In one example, the replaceable battery sacrificial mode enables charging the embedded battery 17 from the replaceable battery 18. Alternatively or additionally, the replaceable battery sacrificial mode enables sacrificing a discharge rate of the replaceable battery 18 to further reduce the amount of degradation of the performance characteristics of the embedded battery 17.
In another example, the replaceable battery sacrificial mode enables piggybacking charging the embedded battery 17 from the replaceable battery 18. In still another embodiment, the replaceable battery sacrificial mode enables maintaining the embedded battery 17 above a threshold level of charge during a storage period. The threshold level of charge may be selected in order to reduce degradation of the embedded battery 17.
As mentioned above, it may be particularly useful to extend the lifespan of an embedded battery of a portable electronic device. It may also be useful, for example, to reduce dimensions of the embedded battery while still providing a suitable autonomy to the portable electronic device.
In one example, the embedded battery 17 may have a reduced capacity in order to reduce the overall size of the portable electronic device since the replaceable battery 18 may help to reduce deterioration of the maximum available level of charge of the embedded battery 17.

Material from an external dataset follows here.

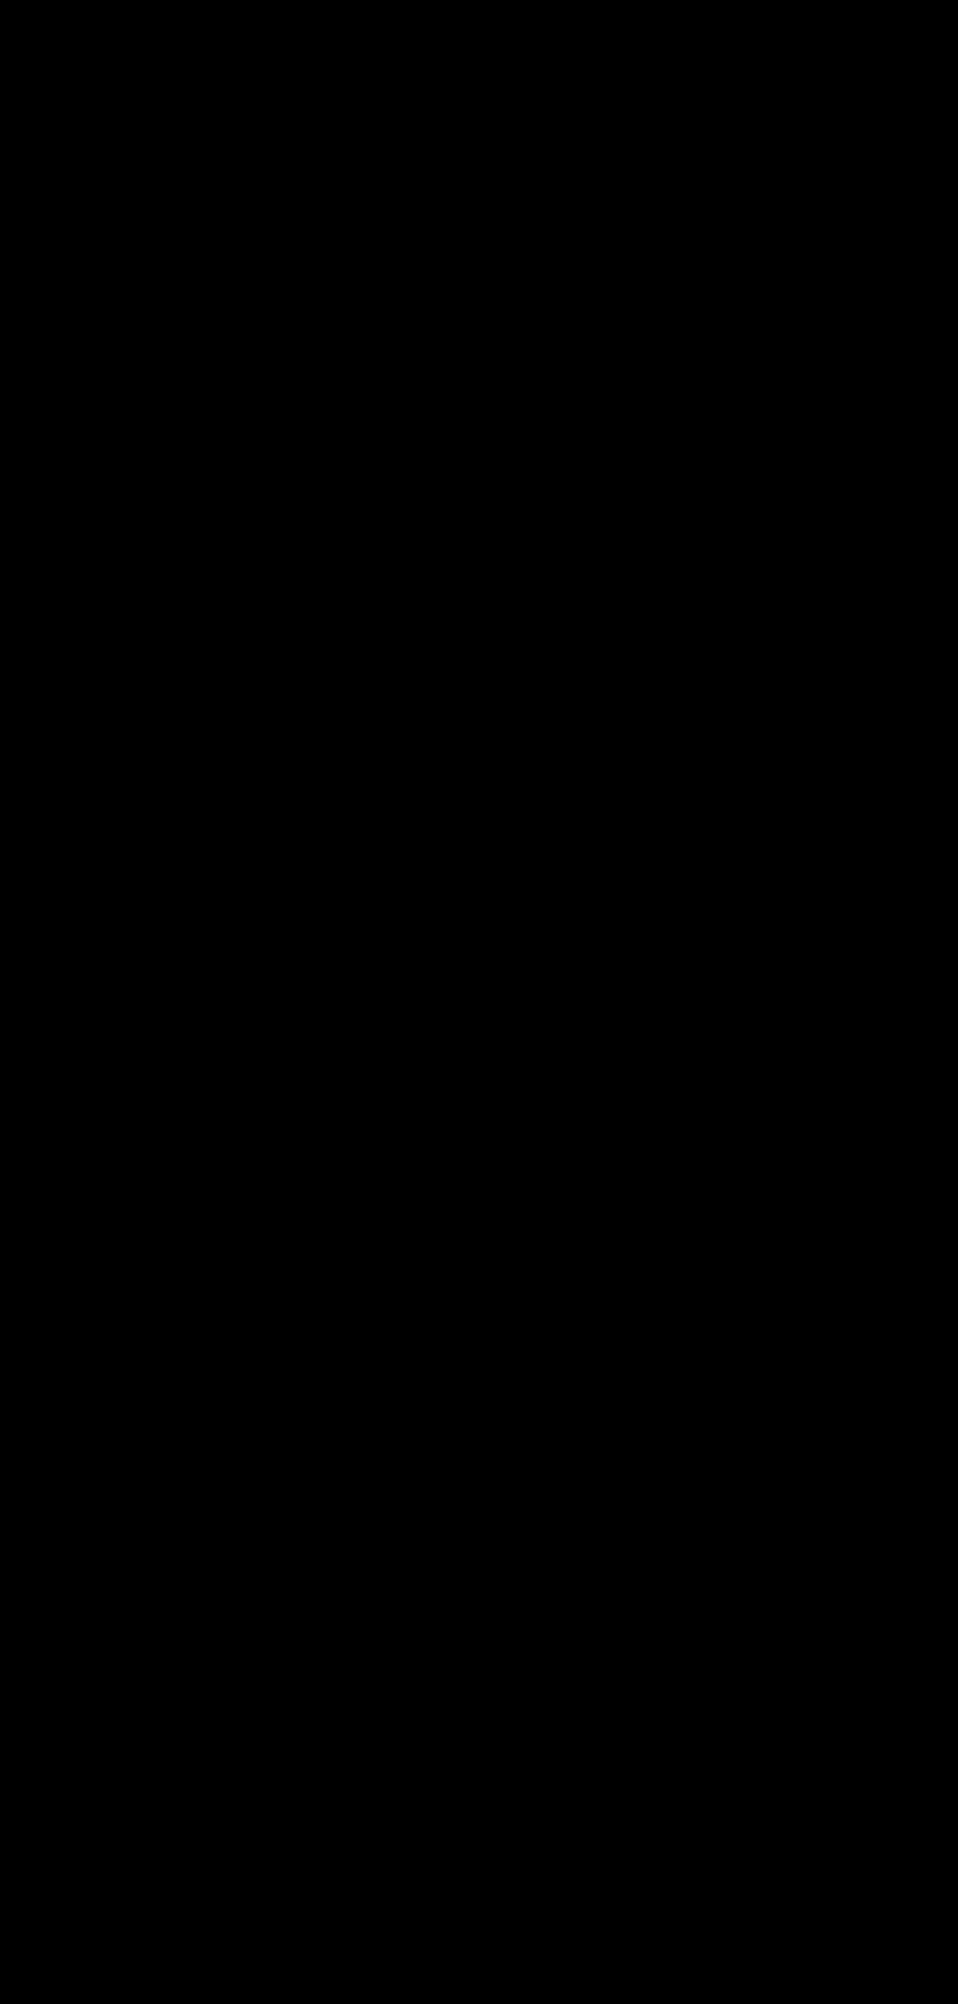 958x2004 Public Domain Clip Art Image Freestyle Soccer Silhouette Id

In one example, a data store 19 may be provided for storing the battery related information and data relating to the battery deterioration event. The data store 19 may be any type of non-volatile data storage device, such as a flash memory or other memory device. The data store 19 may communicate with the embedded battery 17, the replaceable battery 18 and the battery monitoring system, for example. In one embodiment, the data store 19 may be physically attached or internal to the embedded battery 17.
In operation, data relating to the deterioration of the embedded battery 17 is monitored by the battery monitoring system 14. Battery deterioration relates to the amount by which one or more battery performance characteristics, such as the rechargeable battery's ability to store and/or deliver a charge, have diminished over time. Battery deterioration may be caused by one or more factors that are monitored by the battery monitoring system 14 to determine the present deterioration of a battery performance characteristic. As illustrated, the battery performance characteristics may include the battery's charge capacity and/or the equivalent series resistance (ESR).

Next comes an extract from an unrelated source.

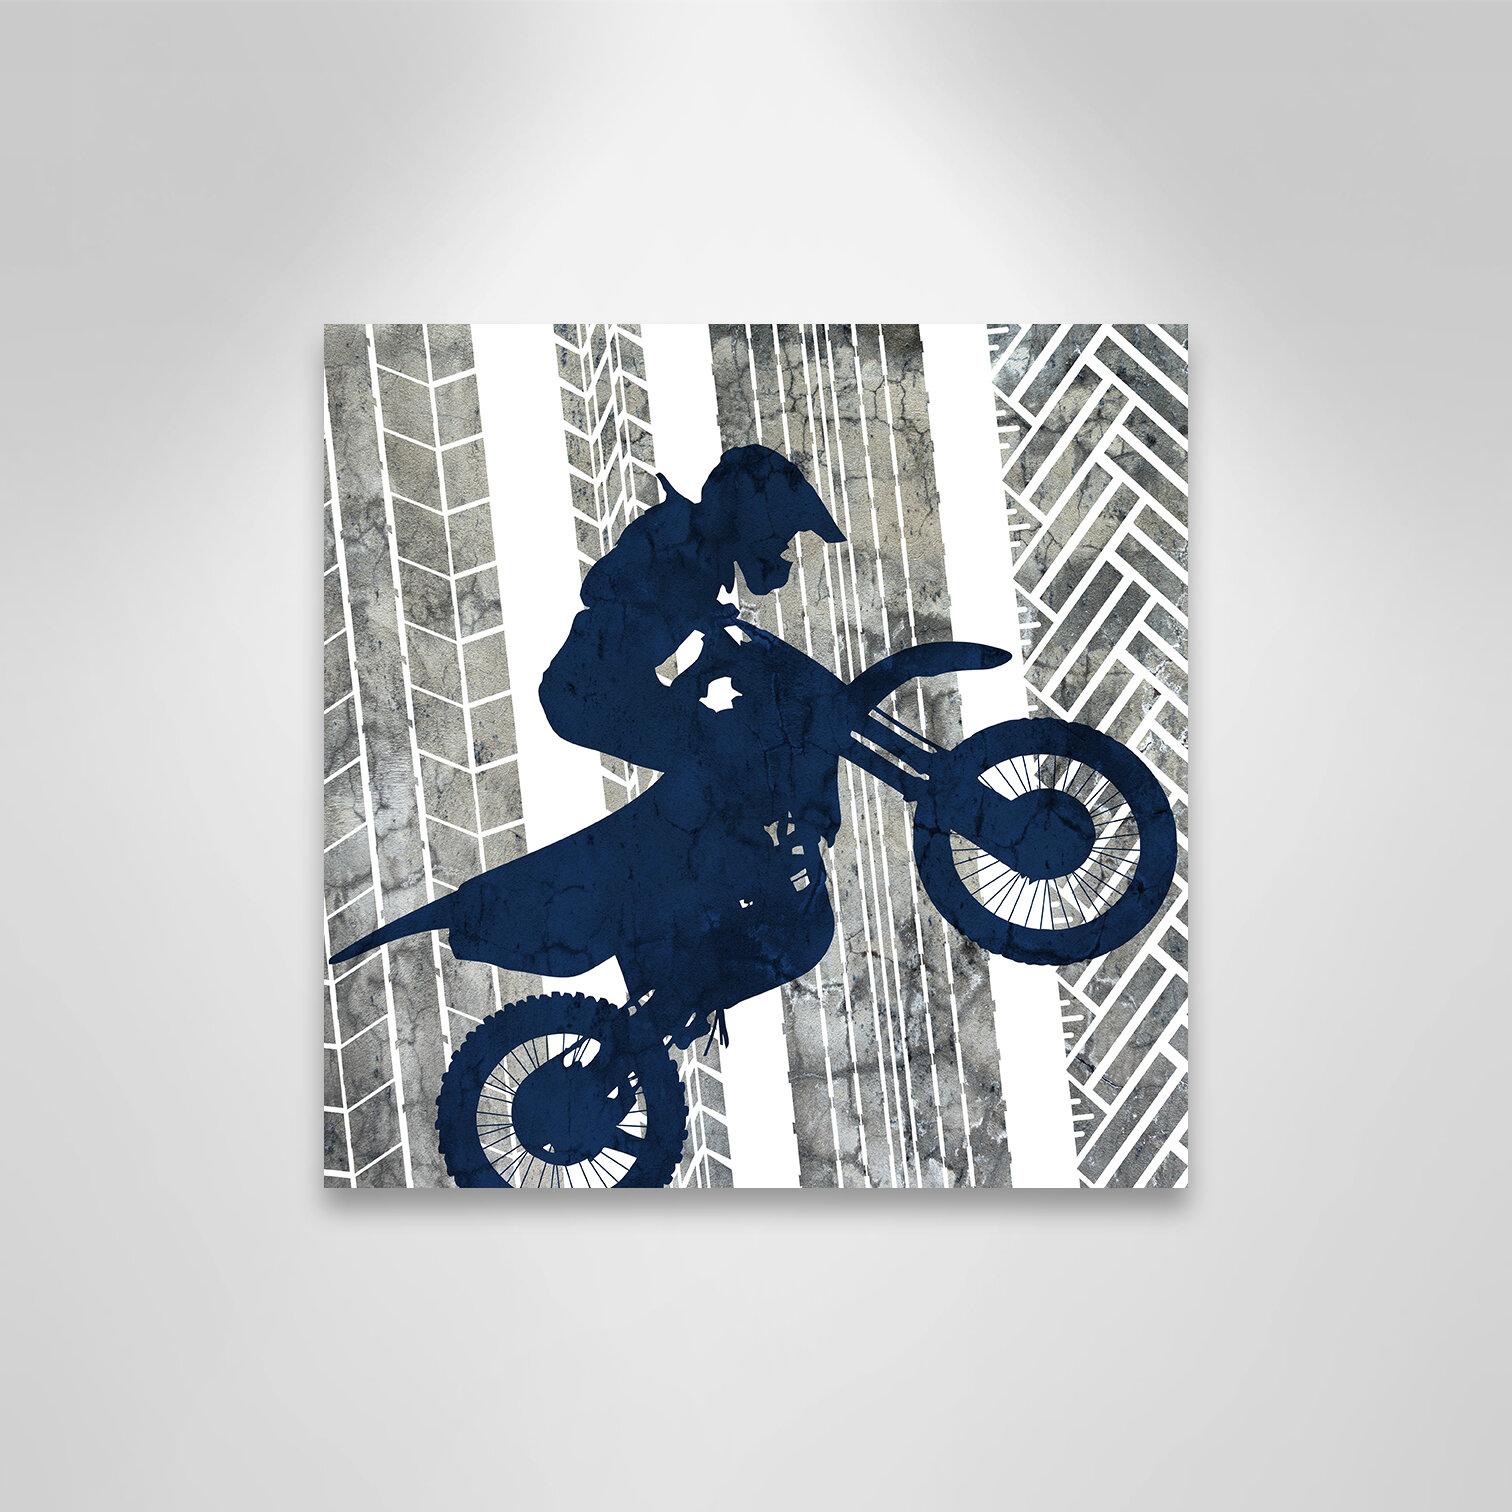 Casafinearts Juvenile Motocross 1 Canvas Art Wayfair

For example, a portable electronic device, such as a cellular telephone, requires a minimum amount of current (mA) from the battery in order to operate. The minimum ESR may therefore represent the ESR value below which the battery in a portable electronic device will not have sufficient inrush current to operate the device.
Both of these battery performance characteristics (capacity and ESR) are subject to deterioration over time. The deterioration of a rechargeable battery over time is caused by the combination of numerous environmental and operational factors. The degree to which these factors cause battery deterioration vary according to battery chemistry. As illustrated in
In one example, the battery monitoring system 14 may determine an amount of deterioration of a battery performance characteristic based, at least in part, on the number of charge cycles incurred by the embedded battery 17 and the degree to which each of the charge cycles are full charge cycles or partial charge cycles. In addition, the battery monitoring system 14 may monitor whether the embedded battery 17 is fully or partially charged and include this information in the data store 19. This information may then be used by the battery monitoring system 14 to determine the percent deterioration of a battery performance characteristic, for example, by using a stored deterioration look-up table or algorithm that is specific to the type of the embedded battery 17 (e.g., the battery's chemical composition).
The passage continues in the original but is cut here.